The Evolution Of GPGPU Computing
Tell me about CUDA, the "architecture," versus the "CUDA for C" compiler.
CUDA is the name of Nvidia’s parallel computing hardware architecture. Nvidia provides a complete toolkit for programming the CUDA architecture that includes the compiler, debugger, profiler, libraries, and other information developers need to deliver production-quality products that use the CUDA architecture. The CUDA architecture also supports standard languages (C with CUDA extensions and Fortran with CUDA extensions) and APIs for GPU computing, such as OpenCL and DirectX Compute.
This diagram may help:
With OpenCL, you gain the advantage of cross-platform support, but lose automated tools, such as memory management, that are found with CUDA. It seems that as a scientist, you'd want to decrease your startup development costs, but at the same time, you'd want support for multiple platforms. What's the best way to reconcile this challenge?
There are certainly compromises that have to be made to provide a cross vendor/platform solution. Nvidia has worked from the beginning with Apple and the OpenCL working group to make sure OpenCL provides a great driver-level API layer for GPU computing, especially for Nvidia hardware. Furthermore, we will certainly provide extensions to further enable Nvidia GPU’s with OpenCL.
Nvidia is also constantly improving our C compiler and development environment for Nvidia GPUs. We have a few simple extensions to C in order to enable our GPUs. If Fortran is more your preference, there is a Fortran compiler also available. With the introduction of Microsoft’s Windows 7 this fall, users and developers will have access to the DirectCompute API, which shares many concepts with our C extensions. Nvidia seeded a DirectCompute driver to key developers last December. These are the added advantages to choosing Nvidia hardware; we support all major languages and API’s.
Your work with GPUs started in the GeForce 5 era, and we're now several generations later. Obviously, the newer stuff is faster, but what new capabilities have been introduced over this time period (i.e. IEEE-754 compliance)? What can we do now that we couldn't do before?
Early programmable GPUs were basic floating point-only programmable processors. No integer or bit operations, no general access to GPU memory, no communication between neighboring processors. The first main innovation was to provide the hardware needed for supporting C, which includes full pointer support and native data types.

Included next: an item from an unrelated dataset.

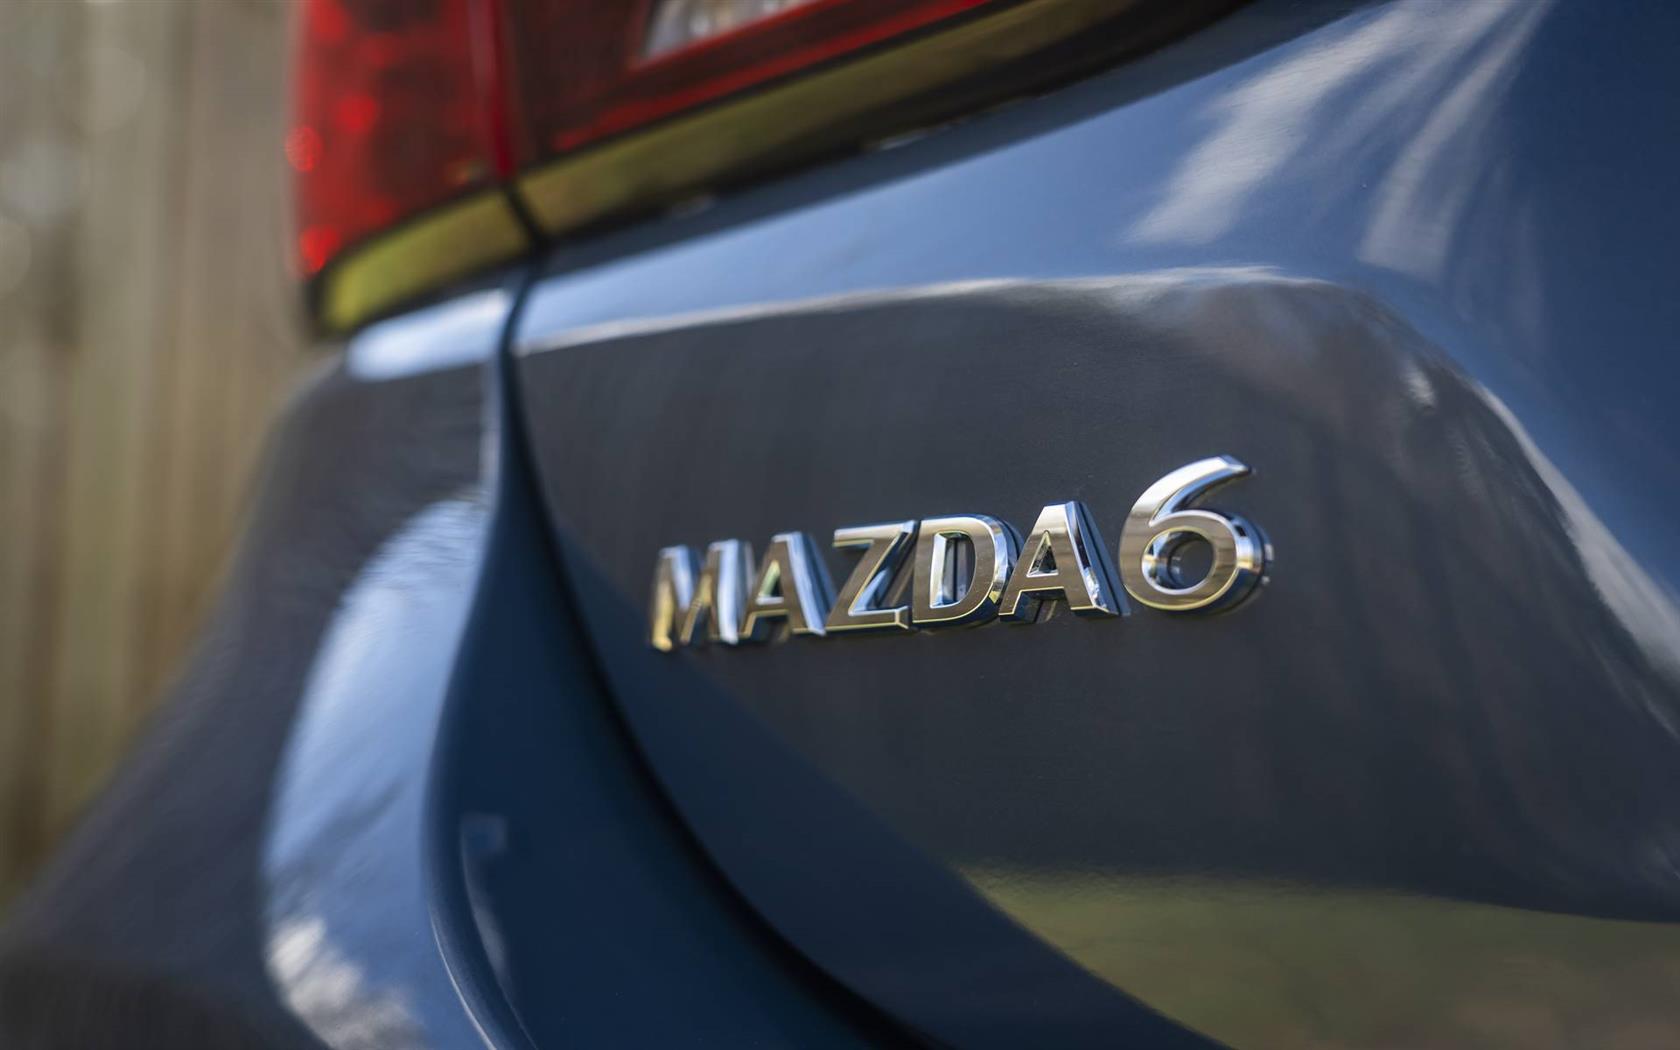 2021 Mazda 6 Kuro Edition

Another key innovation was the addition of dedicated, on-chip shared memory, which allows processors to intercommunicate and share results, greatly improving the efficiency of the algorithms. In addition, it offered programmers a place to temporarily store and process data close to the processor, rather than going all the way out to off-chip DRAMs. Shared memory improved our signal processing library by 20x over a similar OpenGL implementation.
Finally the addition of double-precision floating point hardware also signified a key step toward GPUs as a true high performance computing product, enabling applications that required extended precision numerics. It should also be noted that memory speed and on-board memory size improvements (up to 4GB per processor and 16GB for our Tesla 1U server) has increased the scale of problems an Nvidia GPU can tackle.

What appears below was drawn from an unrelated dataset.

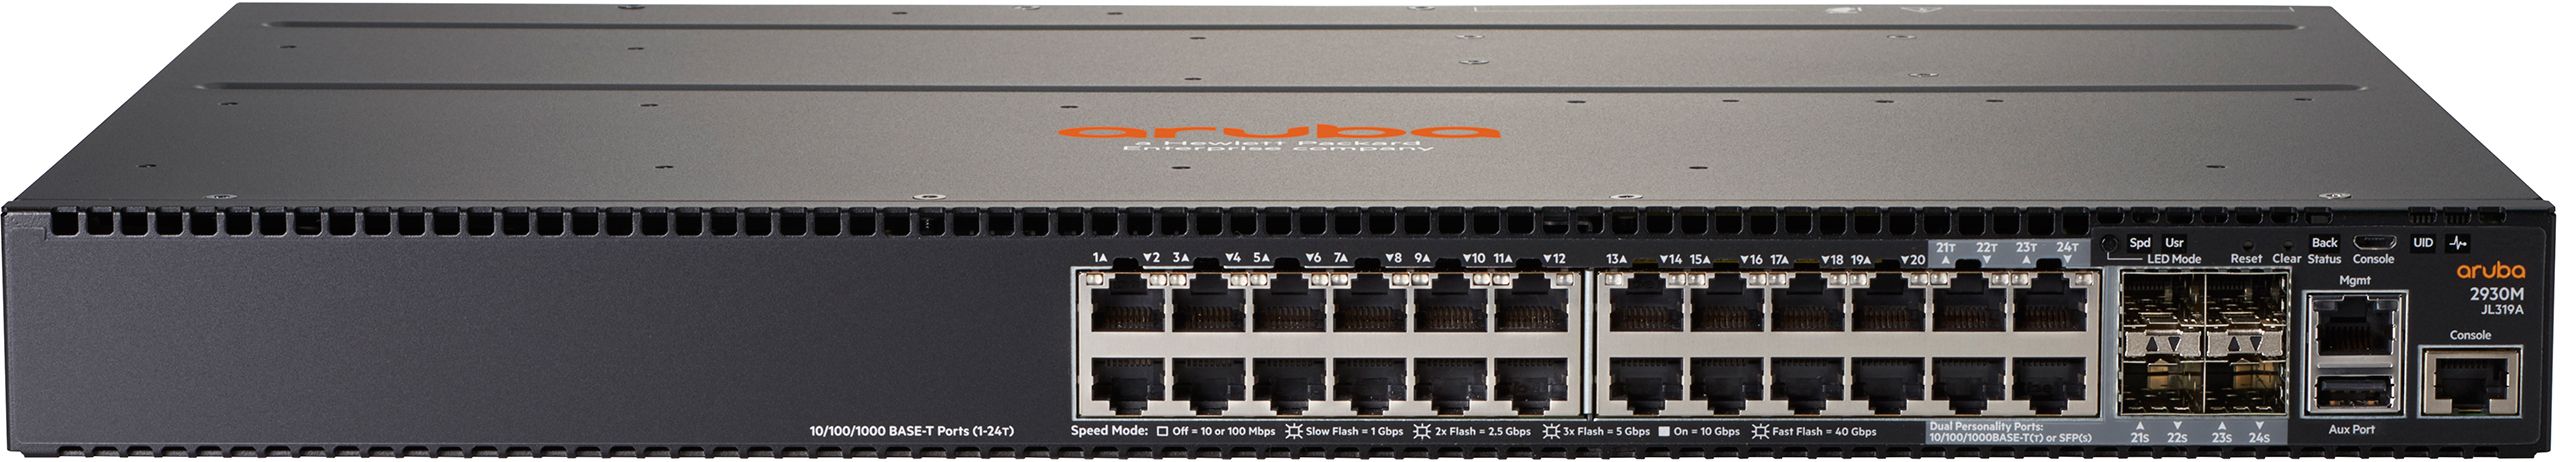 HPE Aruba 2930M 24G 1-slot Switch

What about the compiler? What kind of optimizations and innovations have been added over time?
Very early on, we recognized that we needed to build a world-class compiler solution. GPU computing programs tend to be much larger, more complex, and benefit from more complex optimization. Our competition (the CPU) had almost 40 years to get it right. Our C compiler is based on technologies from the Edison Design Group, who has been making C compilers for 20 years, and the Open64 compiler core, which was originally designed for the Itanium processor. Our compiler technology, combined with the world-class compiler team we’ve assembled, is a key part of Nvidia’s success.
Currently, most GPUs are very fast with single precision math, but less quick with double precision math. Will GPUs still provide "better than CPU" cost/performance if it weren't for the economies of scale? That is, could you make a special double precision-optimized GPU while still keeping costs low?

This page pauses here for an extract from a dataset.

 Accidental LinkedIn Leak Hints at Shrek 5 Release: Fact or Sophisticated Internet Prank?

As the market for GPU computing clearly continues to grow, I think you will see more areas invested in double precision arithmetic. Our double precision hardware released last year was only the starting point for what I imagine will be a growing investment in GPU computing from both the industry and Nvidia.
What is your impression of Intel's Larabee? AMD's Stream Architecture? Cell? Zii?
My view of Larabee is that it is a great validation of what the GPU has achieved and an acceptance of the limitations the CPU. Where CPUs have tried to take a legacy sequential programming model and squeeze out every last bit of parallelism, GPUs were created for 3D rendering, an embarrassingly parallel application. Massive parallelism is a part of the GPU’s core programming model.
In the end, it is the accessibility and productivity of a programming model that will take an architecture from a novelty to a success. We are all competing against a mountain of legacy code. We’ve focused on making Nvidia GPUs extremely easy to obtain orders of magnitude speedups with a familiar and simple programming model.